# Working and hunting on the road



## pantherarms99 (Nov 2, 2011)

I work out of state, we call it working on the road, i met a coyote hunter the other day that said he would take me hunting
and he did, he let me use one of his rifles and he put me on two yotes and a bobcat, sad to say i missed two out of the three but did get this big male, thanks Richard


----------



## youngdon (Mar 10, 2010)

Nice job Pantherarms99 where are you working.


----------



## El Gato Loco (Jan 15, 2010)

Way to go man... don't get too addicted to this predator hunting thing. Might be kinda hard to hold down a serious relationship.


----------



## bar-d (Feb 3, 2010)

Good'un.


----------



## singlesix (May 13, 2010)

Excellent job man, can you tell me how that bobcat came in. How close did he get to you guys?


----------



## hassell (Feb 9, 2010)

Congrats., nice to have friends on the road.


----------



## Mattuk (Oct 16, 2010)

Well done Richard.


----------



## bones44 (Jan 7, 2011)

Nice to know there are some truly fine fellow hunters out there.
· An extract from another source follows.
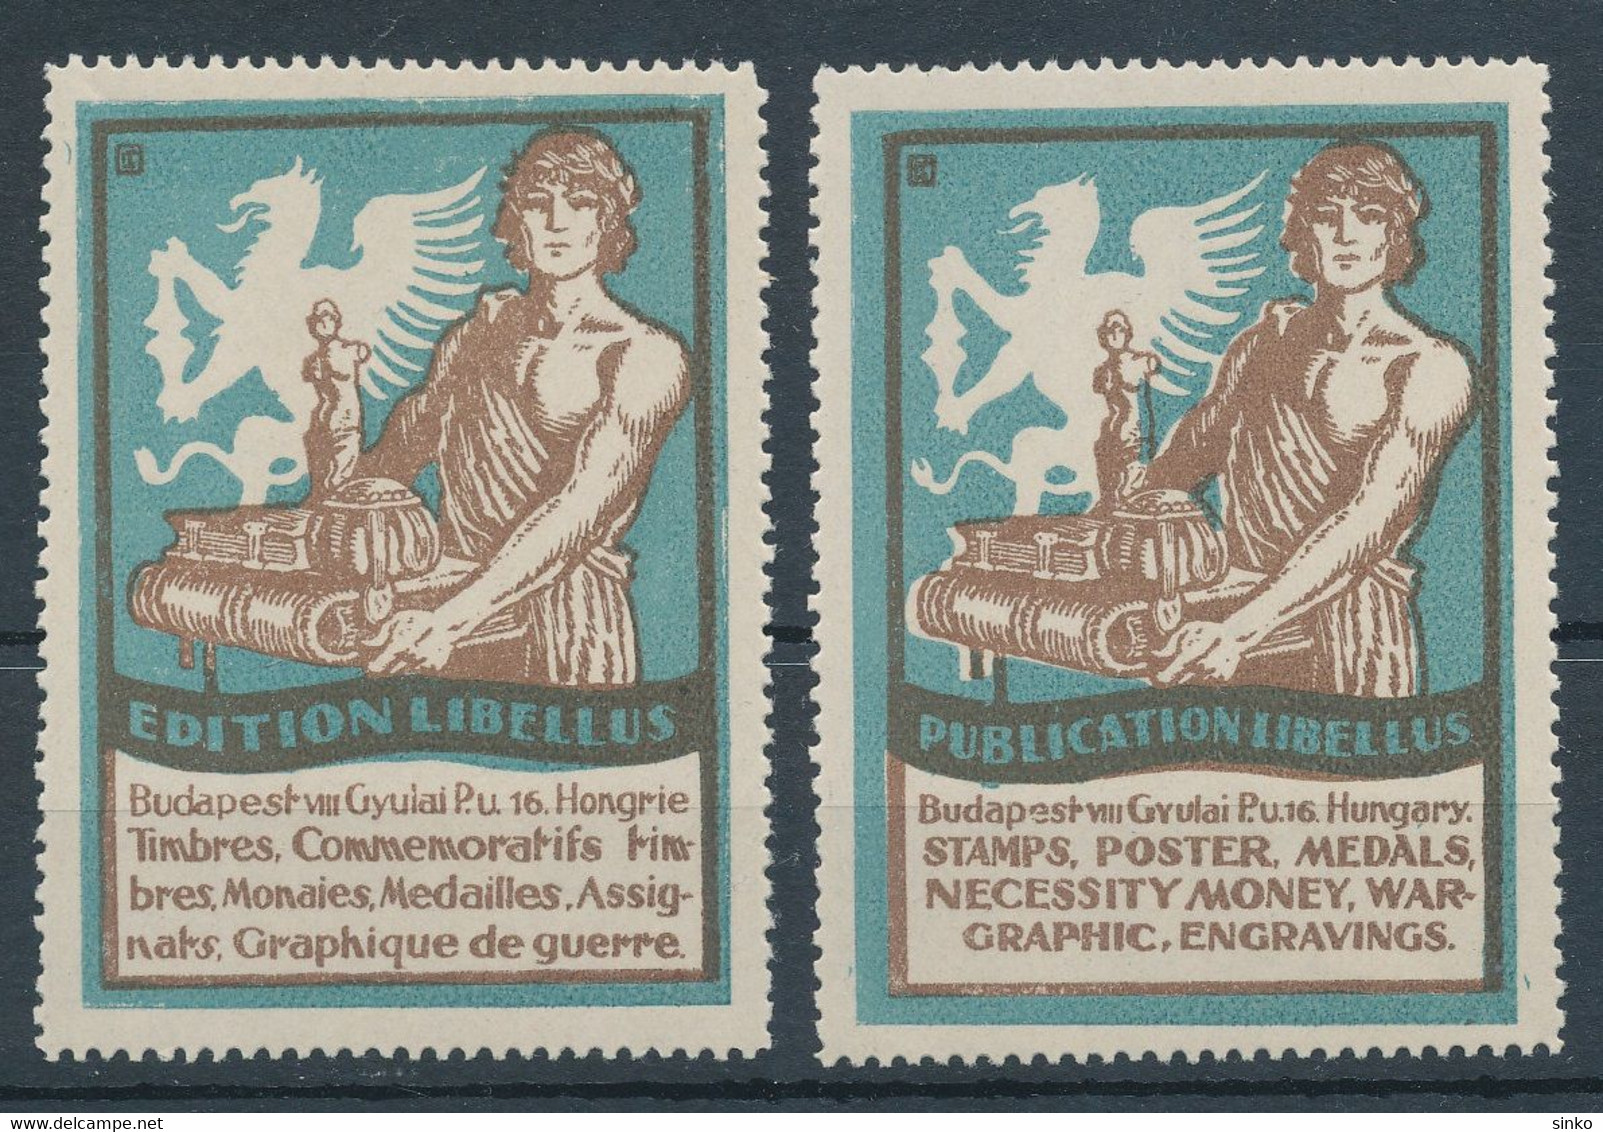 1929. Publication Libellus Advertisement Cinderella - Hojas Conmemorativas

Great job on the yote and keep on enjoying what you do.


----------



## coyotehunter25 (Oct 24, 2010)

good job man


----------



## huntinfool84 (Oct 3, 2010)

now thats the way to build a buisness relation, not out on a golf course. good job!


----------



## pantherarms99 (Nov 2, 2011)

youngdon said:


> Nice job Pantherarms99 where are you working.


Im working in Ardmore, Ok


----------



## pantherarms99 (Nov 2, 2011)

singlesix said:


> Excellent job man, can you tell me how that bobcat came in. How close did he get to you guys?


We drove up on the bobcat while driving down a field road, there was a big brush pile that im sure he was hanging around in, got a close shot but missed


----------



## pantherarms99 (Nov 2, 2011)

Thank u everyone for the kind words, by the way we use a female invitation in r set that seemed to really work


----------